Other unmeasured influences may have affected members' decisions to sign up for online access to their health records. Members who signed up for online access may have greater health concerns that influence health care contact rates. Kaiser Permanente offers patient self-management tools (both online and written materials) and personal chronic disease management programs. Both MHM users and nonusers have access to all disease management programs, patient self-management systems, and clinicians in the Kaiser Permanente system. Some of these services are available online to anyone, even individuals who are not members of a KPCO health plan. To access more personalized online services, MHM access is required. Members who do not use MHM can access these clinicians and services in traditional ways, by telephone or by in-person clinical encounters. In this study, we did not compare usage patterns for these services between MHM users and nonusers.

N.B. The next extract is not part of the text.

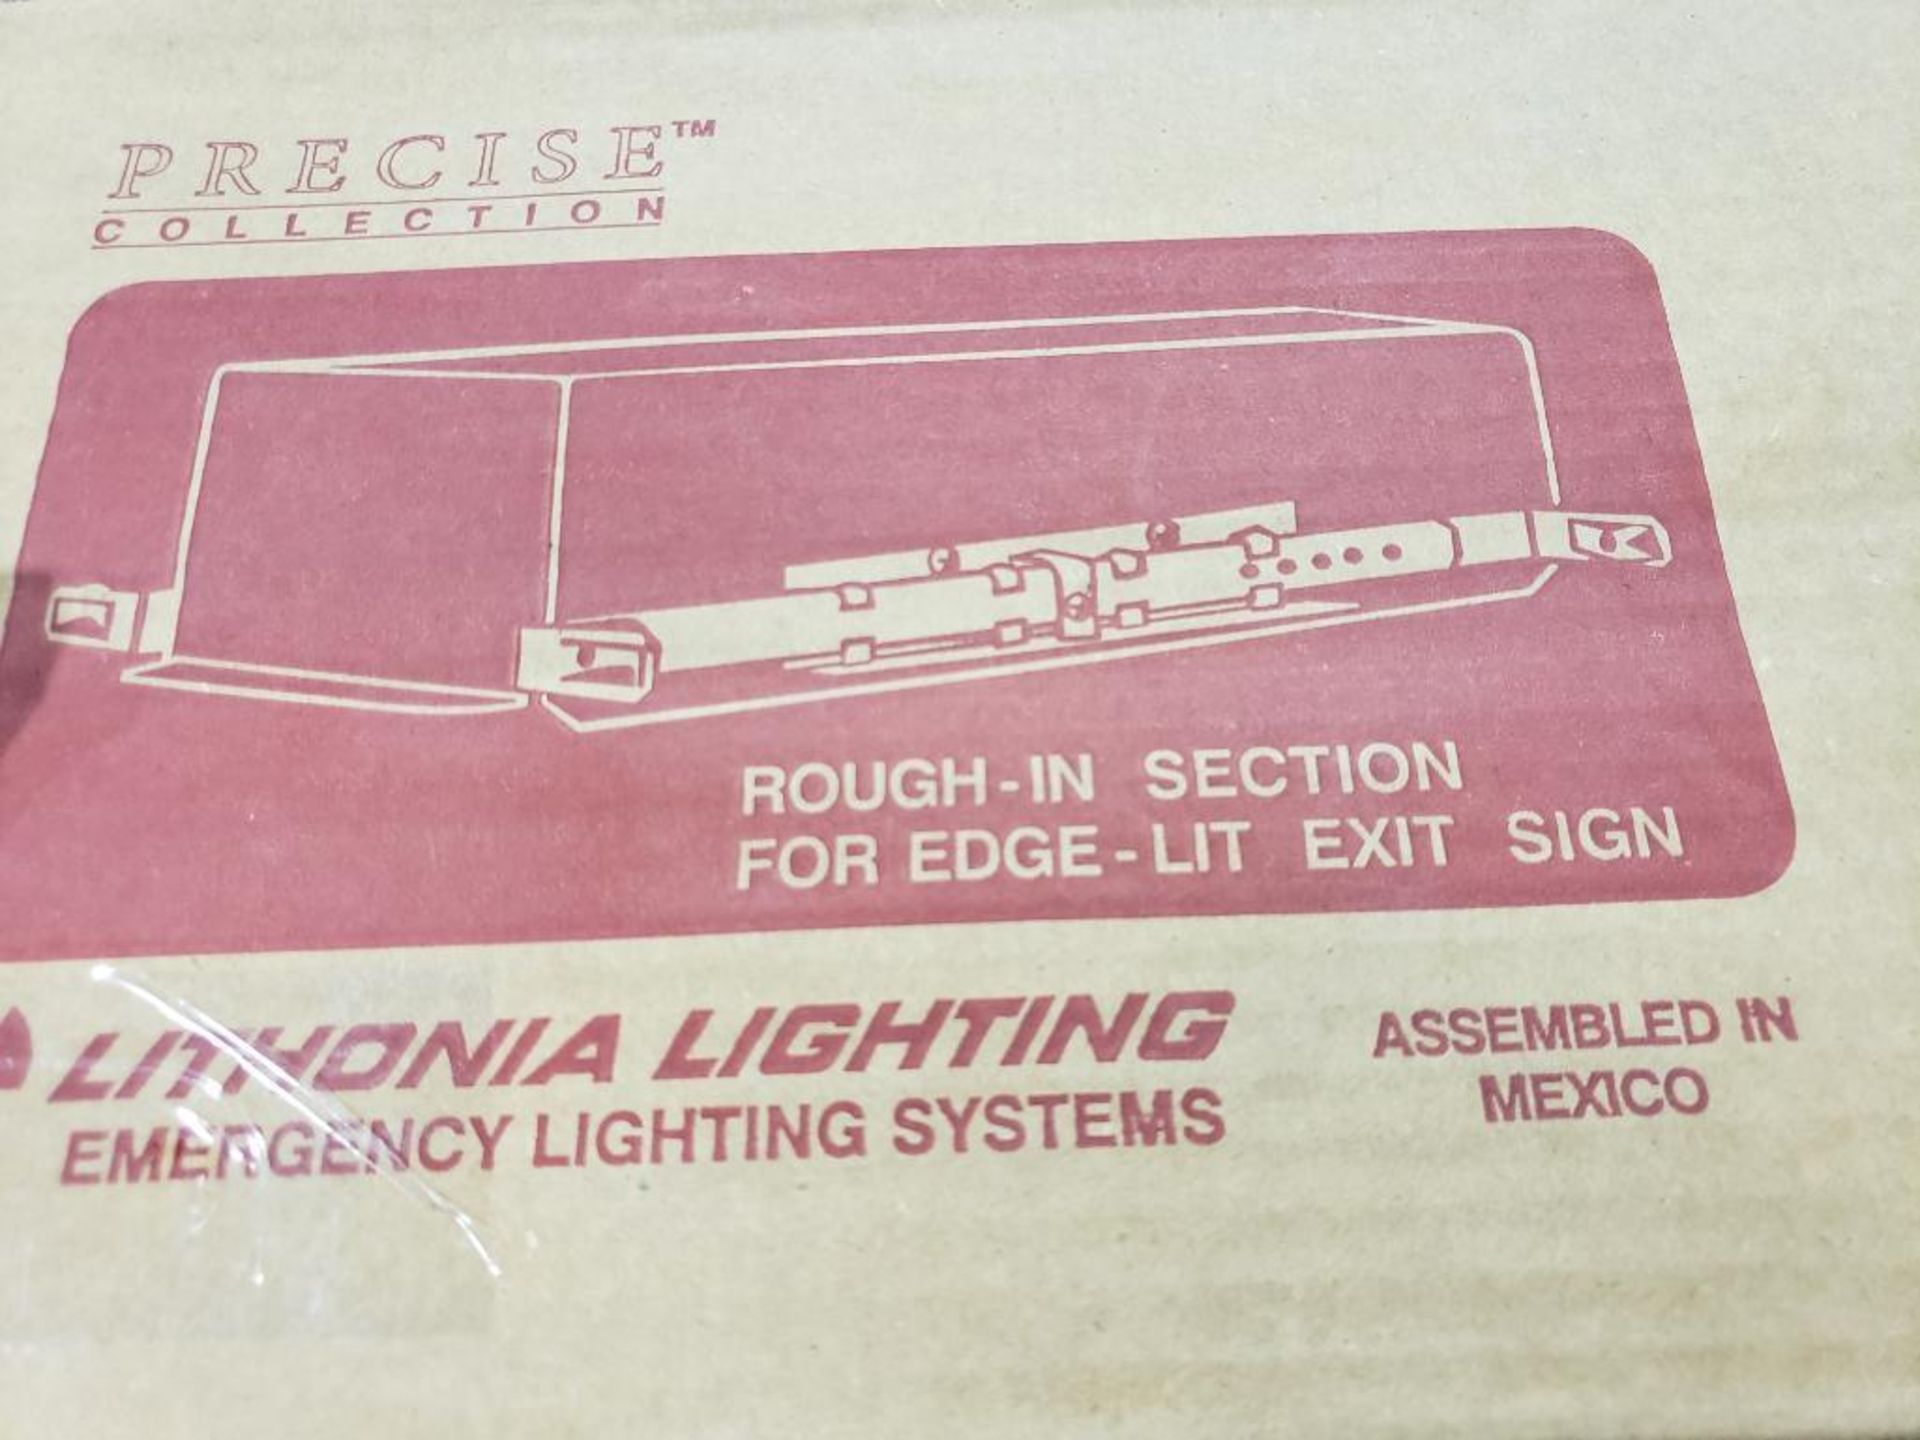 Qty 4 - Lithonia Lighting emergency lighting systems rough in section for edge lit exit sign. New. - Image 2 of 6

Finally, any large study may identify statistically significant differences that are not clinically relevant. However, the magnitude of differences in utilization that we identified appears to be clinically significant. For example, in a health system with 100 000 adult members with online access, if the rate of office visits increases by 0.5 visits per member per year, concomitant with an increase in telephone encounters by 0.3 per member per year, over the course of a year clinicians and the health system would need to provide 50 000 more clinic visits and respond to 30 000 more telephone calls. If this also holds true for a small group practice, a primary care physician with 1000 adult patients who have online access would need to provide for almost 10 more clinic visits per week and over 5.5 more telephone calls per week.
Further research is needed to evaluate why patients seek and subsequently use online access and whether online access affects health outcomes beyond utilization. Comparing clinical outcomes between online users and nonusers may prove beneficial in tailoring services to member needs. Further evaluation of the cost and benefits of online access to health care services, virtual visits (such as e-mail communication between patients and clinicians), and clinical decision making is also needed.
Overall, our findings suggest that the relationship between online access and utilization is more complex than the simple substitution of online for in-person care suggested by earlier studies.26,27 If these findings are evident in other systems, health care delivery planners and administrators will need to consider how to allocate resources to deal with increased use of clinical services. As online applications become more widespread, health care delivery systems will need to develop methodologies that effectively integrate health information technologies with in-person care.